Dataset content:
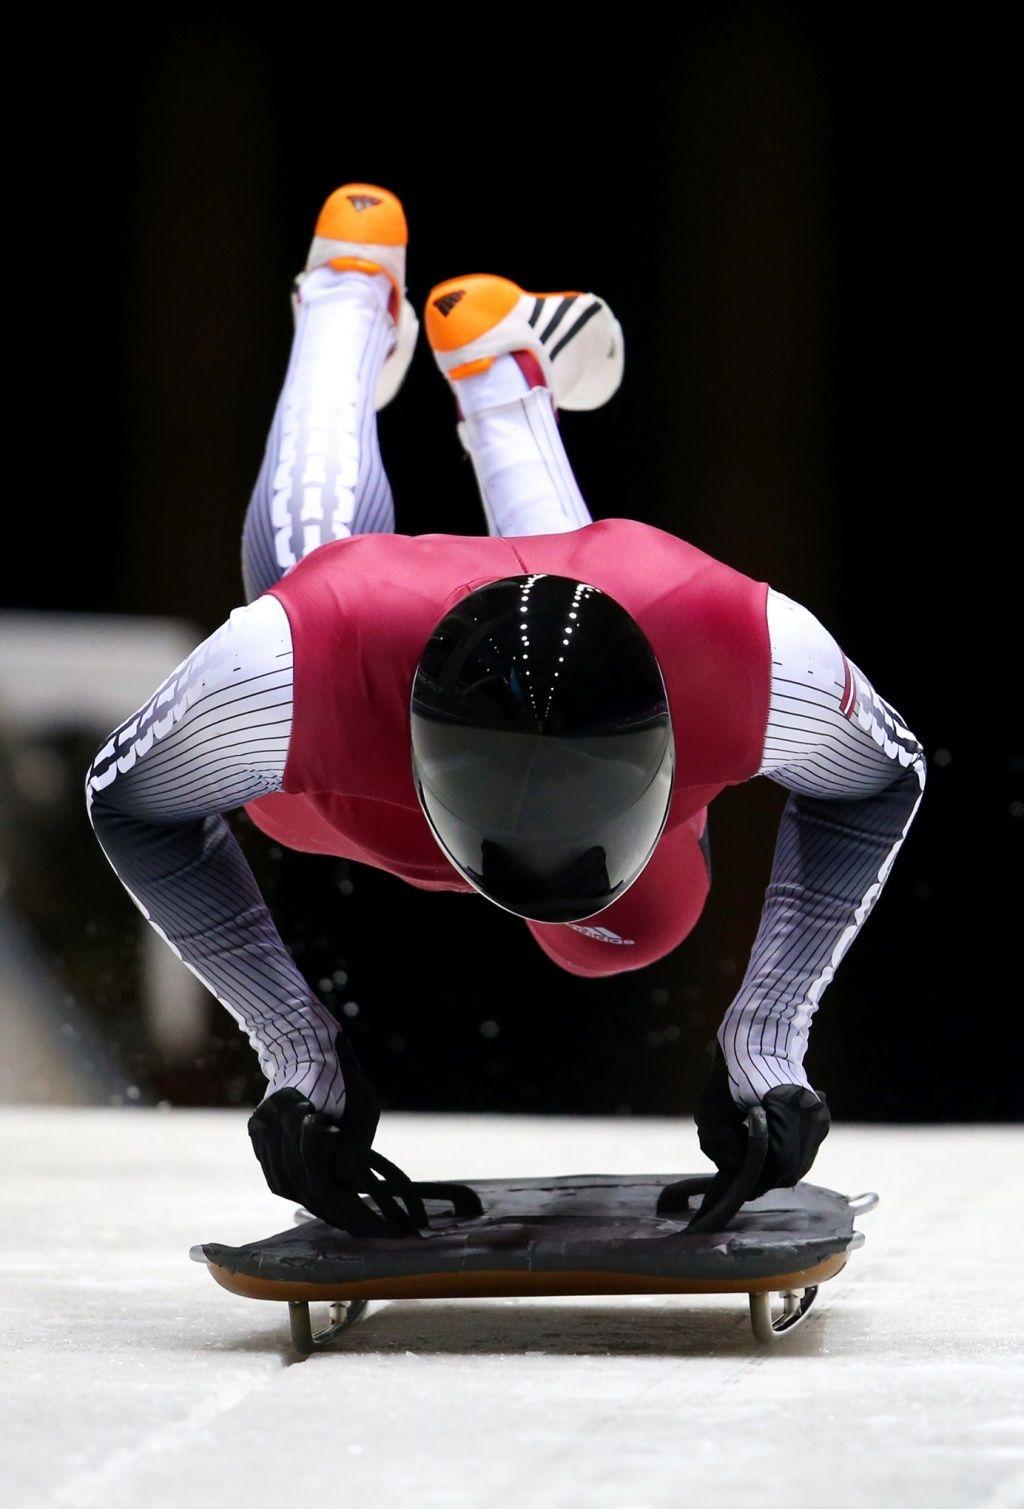 Sochi 2014 10 amazing helmet designs at the Winter
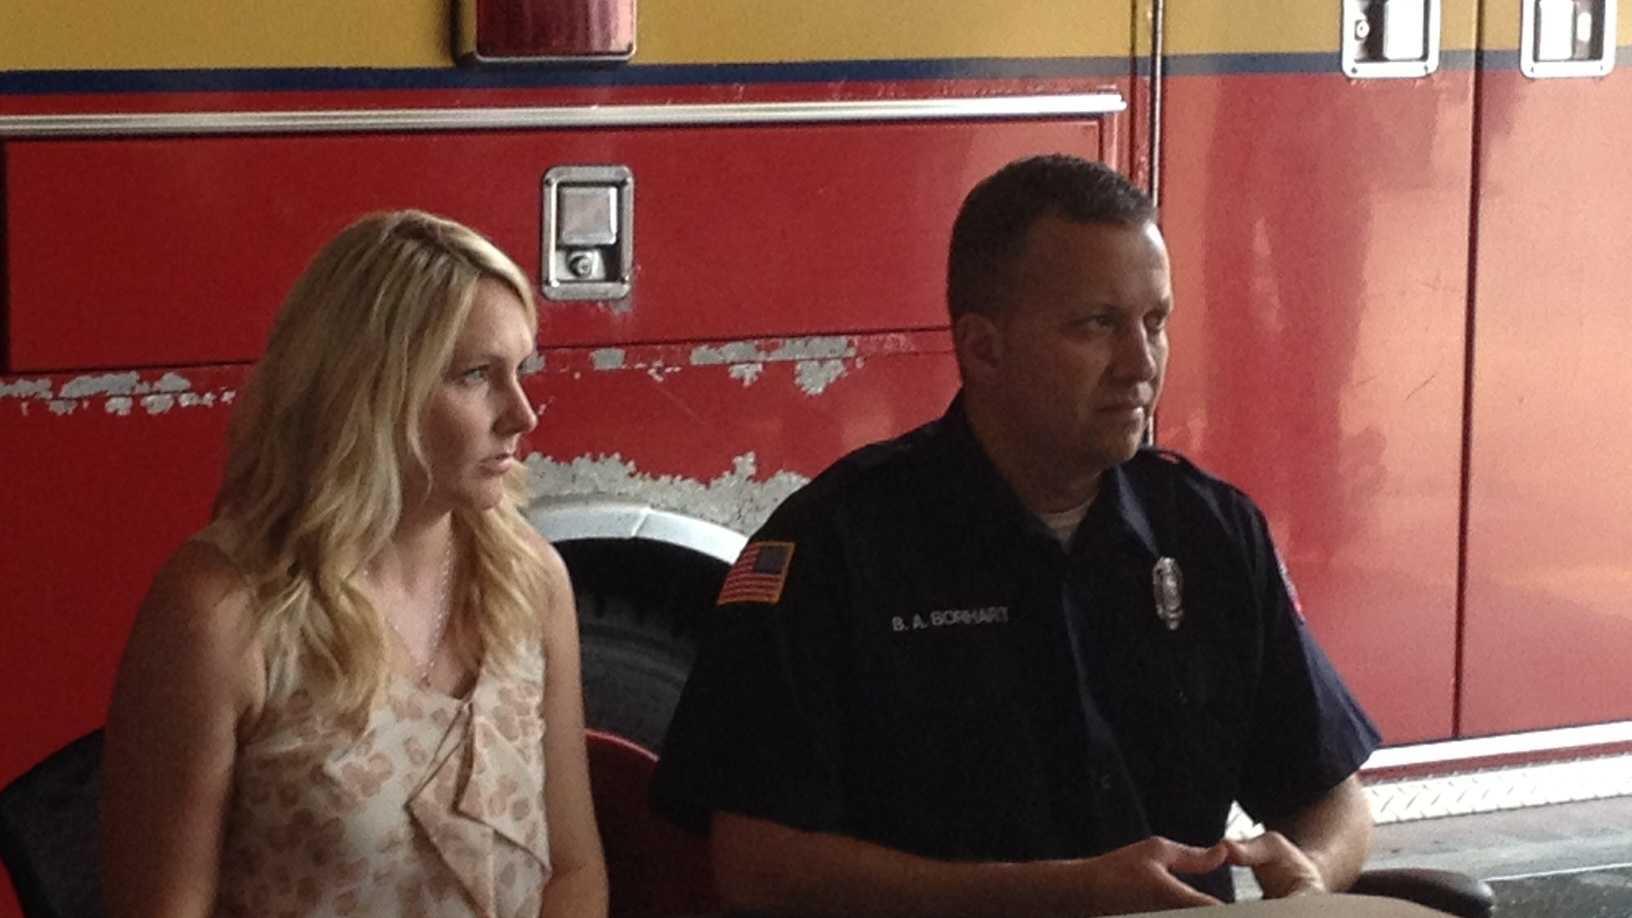 Brock Borhart and wife, firefighter.jpg
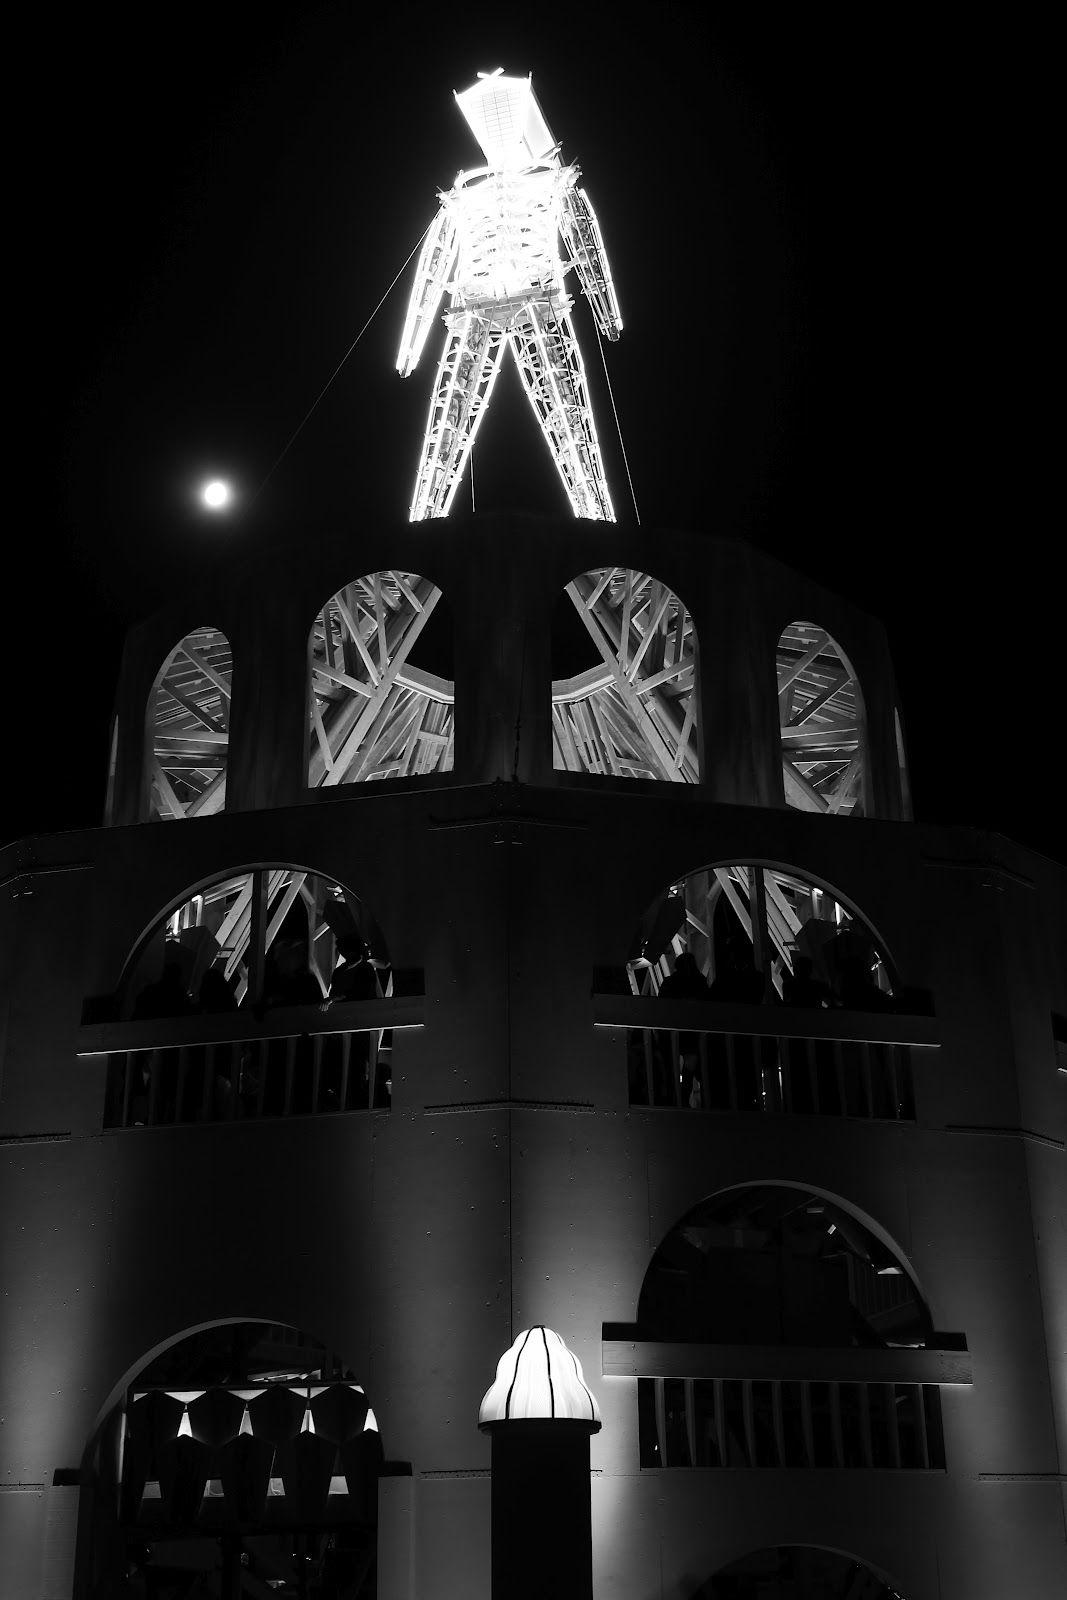 The Man  Scott Williams Photography - Kernville, California: Burning Man 2012 - Fertility 2.0

What the exercise asks:
When you return the listing, keep each line exact and leave the pictures out.

Written response:
 Sochi 2014 10 amazing helmet designs at the Winter
 Brock Borhart and wife, firefighter.jpg
 The Man  Scott Williams Photography - Kernville, California: Burning Man 2012 - Fertility 2.0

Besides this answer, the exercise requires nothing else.